Advanced Centre of Research in High Energy Materials, University of Hyderabad, Prof C R Rao Road, Central University Campus PO, Gachibowli, Hyderabad, Telangana 500046, India.
Waste Manag. 2020 Nov;117:48-57. doi: 10.1016/j.wasman.2020.07.046. Epub 2020 Aug 14.
We present, rapid and efficient identification of ten different types of post-consumer plastics obtained from a local recycling unit by deploying a low cost, compact CCD spectrometer in laser-induced breakdown spectroscopy (LIBS) technique. For this investigation, spectral emissions were collected by an Echelle spectrograph equipped with an intensified charge-coupled device (ES-ICCD) as well as a non-gated Czerny Turner CCD spectrometer (NCT-CCD). The performance is evaluated by interrogating the samples in a single-shot as well as accumulation mode (ten consecutive laser shots). The results from principal component analysis (PCA) have shown excellent discrimination. Further, the artificial neural network (ANN) analysis has demonstrated that individual identification accuracies/rates up to ~99 % can be achieved. The data acquired with ES-ICCD in the accumulation of ten shots have shown average identification accuracies ~97 %. Nevertheless, similar performance is achieved with the NCT-CCD spectrometer even in a single shot acquisition which reduces the overall analysis time by a factor of ~15 times compared to the ES-ICCD. Furthermore, the detector/collection system size, weight, and cost also can be reduced by ~10 times by employing a NCT-CCD spectrometer. The results have the potential in realizing a compact and low-cost LIBS system for the rapid identification of plastics with higher accuracies for the real-time application.

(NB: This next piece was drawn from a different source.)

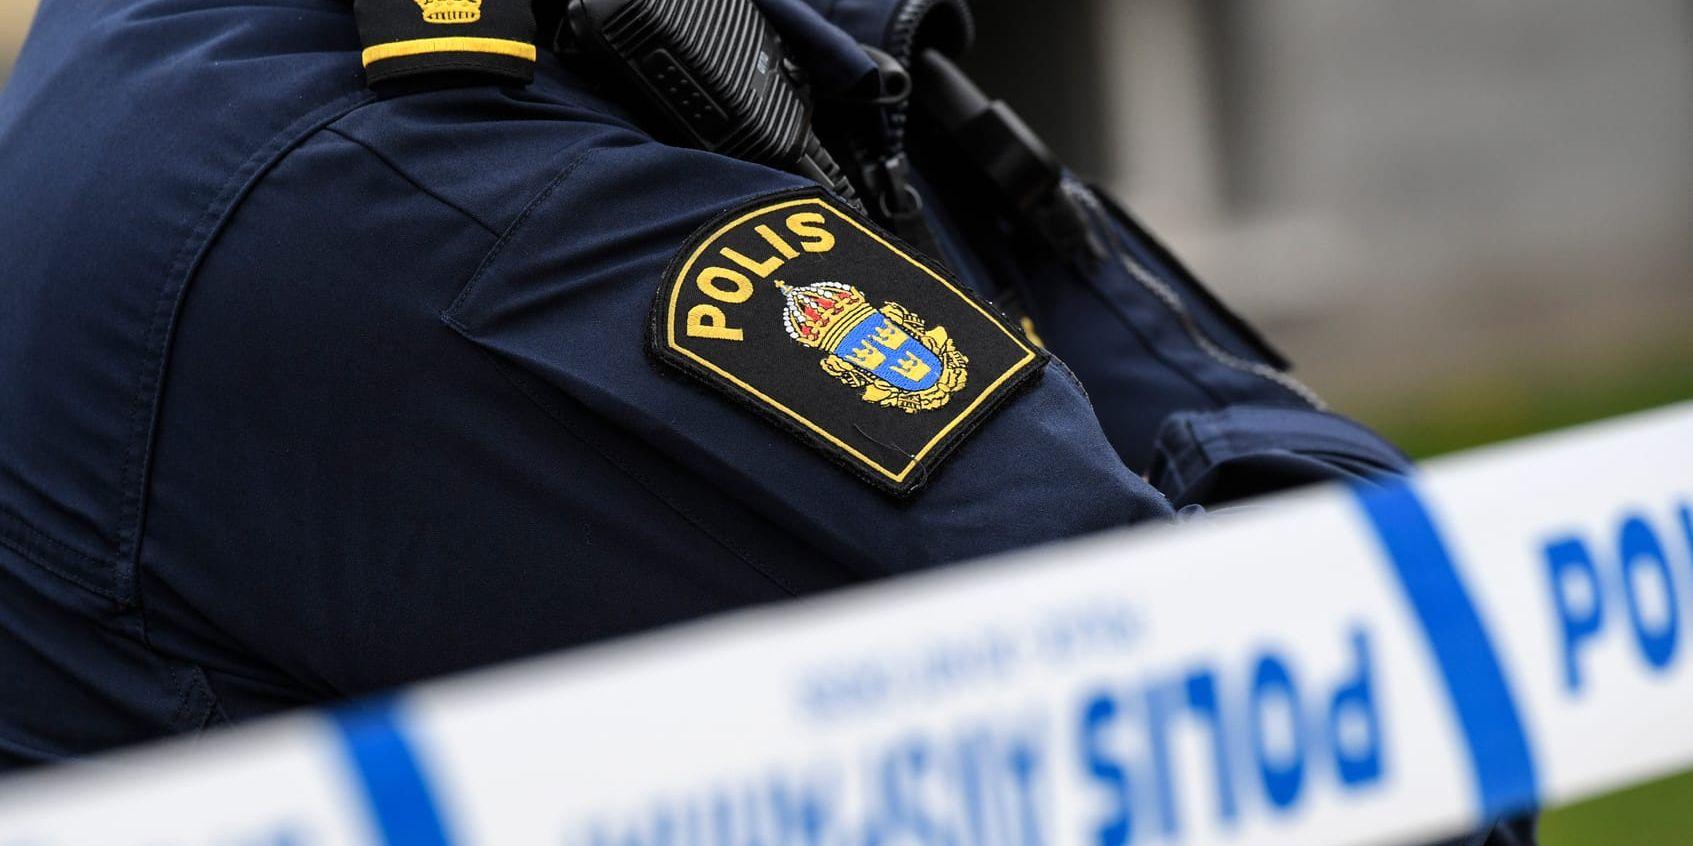 Under tidig lördagsmorgon inkom ett larm till polisen. En man hade hittats svårt skadad i närheten av Backaplan på Hisingen i Göteborg.

我们通过在激光诱导击穿光谱(LIBS)技术中部署低成本、紧凑型 CCD 光谱仪,快速有效地识别了来自当地回收单位的十种不同类型的消费后塑料。在这项研究中,通过配备增强型电荷耦合器件(ES-ICCD)的阶梯光谱仪和非门控 Czerny Turner CCD 光谱仪(NCT-CCD)收集光谱发射。通过单次和累积模式(连续十次激光射击)询问样品来评估性能。主成分分析(PCA)的结果表明具有出色的辨别能力。此外,人工神经网络(ANN)分析表明,个别识别准确率/率高达约 99%。在累积十次射击中使用 ES-ICCD 获得的数据显示平均识别准确率约为 97%。然而,即使在单次采集时,NCT-CCD 光谱仪也能实现类似的性能,与 ES-ICCD 相比,整体分析时间缩短了约 15 倍。此外,通过采用 NCT-CCD 光谱仪,还可以将探测器/收集系统的尺寸、重量和成本降低约 10 倍。这些结果有望实现紧凑且低成本的 LIBS 系统,用于快速识别塑料,具有更高的准确率,适用于实时应用。